New Flora and Silva is the most historically interesting title in our Cox catalog. Published in 1929, it is part of the early-20th-century English horticultural and plant-introduction tradition — the same intellectual world that produced the Royal Horticultural Society’s Curtis’s Botanical Magazine and the great Edwardian rhododendron expeditions to China and the Himalayas. The Cox family name is, in fact, important in that history; Evan was part of a lineage of plantsmen whose work shaped what mature British and American gardens look like today.

If you collect garden-history references, or if you keep a rhododendron collection of your own, this is one to track down through used and rare-book channels. Find the listing on the Evan Hillhouse Methven Cox author page.
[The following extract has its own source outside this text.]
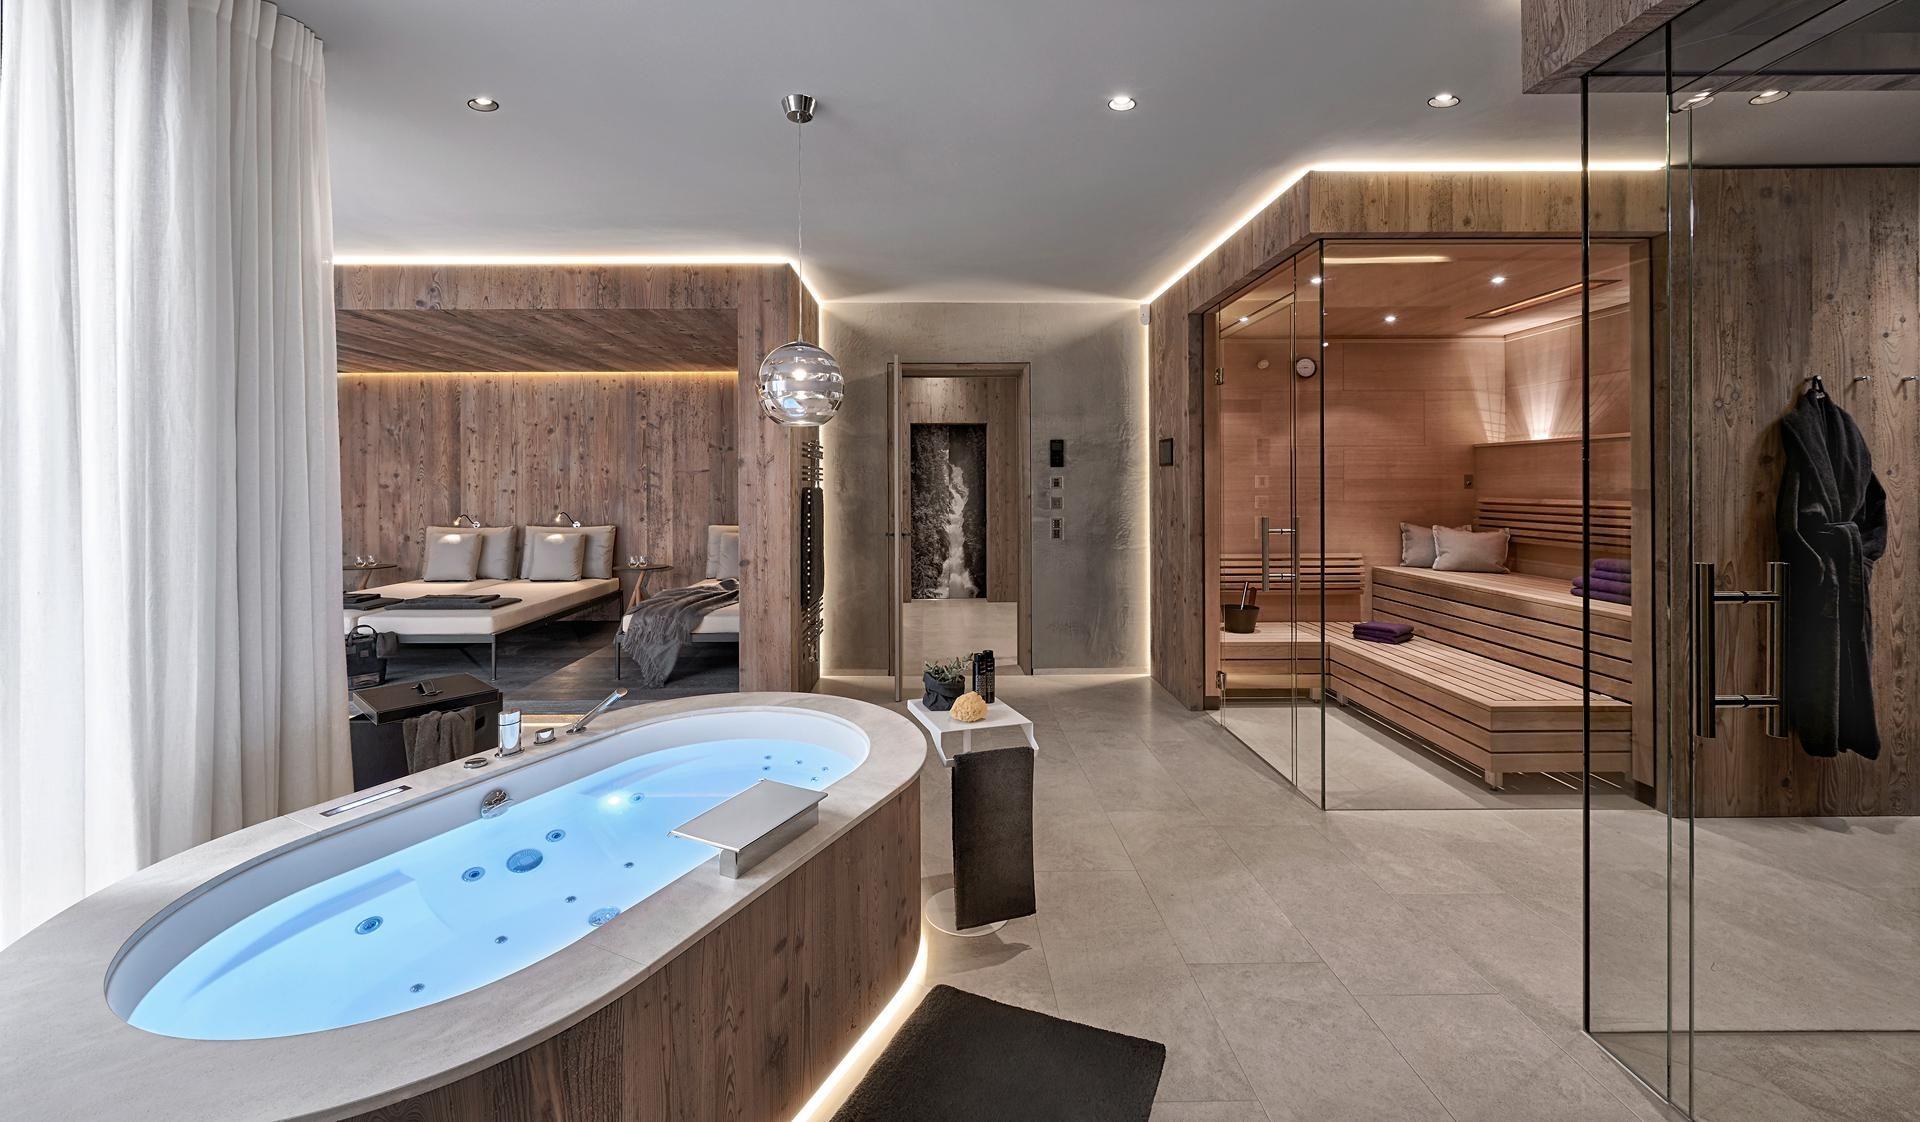 Ahnliches Foto Kurmittelhaus Modernes Badezimmerdesign Luxusbadezimmer

How to pick a Cox to start with

  • Want a binge-able series debut? Simoan Cox — The Crown of Rust
  • Want a science book that respects your intelligence? Brian Cox — Human Universe
  • Want emotional, immersive women’s fiction? Josephine Cox — Songbird
  • You work in ministry or preach regularly? James W. Cox — The Minister’s Manual
  • You want a spare devotional read? Bo Don Cox — God Is Not in the Thesaurus
  • You collect garden history? Evan Hillhouse Methven Cox — New Flora and Silva

Explore more from the BooksAndGuidesPro catalog

BooksAndGuidesPro hosts dedicated author pages with cover art, retailer links, and full bibliographies for every author in the catalog. If you discover a Cox author through this guide and want to read more of their work, the author page is the right starting point — and if there is a Cox author missing from this list, send us a note and we will add them.

Related genre catalogs: fiction, fantasy, romance, history.

Frequently Asked Questions

Who are the six Cox authors on BooksAndGuidesPro?

The six are Suzanne L. Cox (dystopian romance), Brian Cox (popular physics), Josephine Cox (British family saga fiction), James W. Cox (preaching reference), Bo Don Cox (Christian nonfiction), and Evan Hillhouse Methven Cox (early-1900s gardening compendium).

Are these Cox authors related to each other?

No. They share a surname but are six separate authors writing across different eras, countries, and genres. The showcase groups them as a curated bibliography by surname, not by family.

Which Cox author wrote the gardening reference?

Evan Hillhouse Methven Cox compiled a multi-volume early-twentieth-century gardening compendium that is still cited in horticulture circles today.

Where can I find Brian Cox’s books?

Brian Cox’s titles, including his collaborations on popular-physics works, are catalogued on his author page at /books/author/brian-cox with descriptions and retailer links for each book.

Why does BooksAndGuidesPro group authors by surname?

Surname showcases like this one help readers explore an author’s lesser-known namesakes and discover books they would not have found through a single-author search. Each showcase links out to every individual author page in the catalog.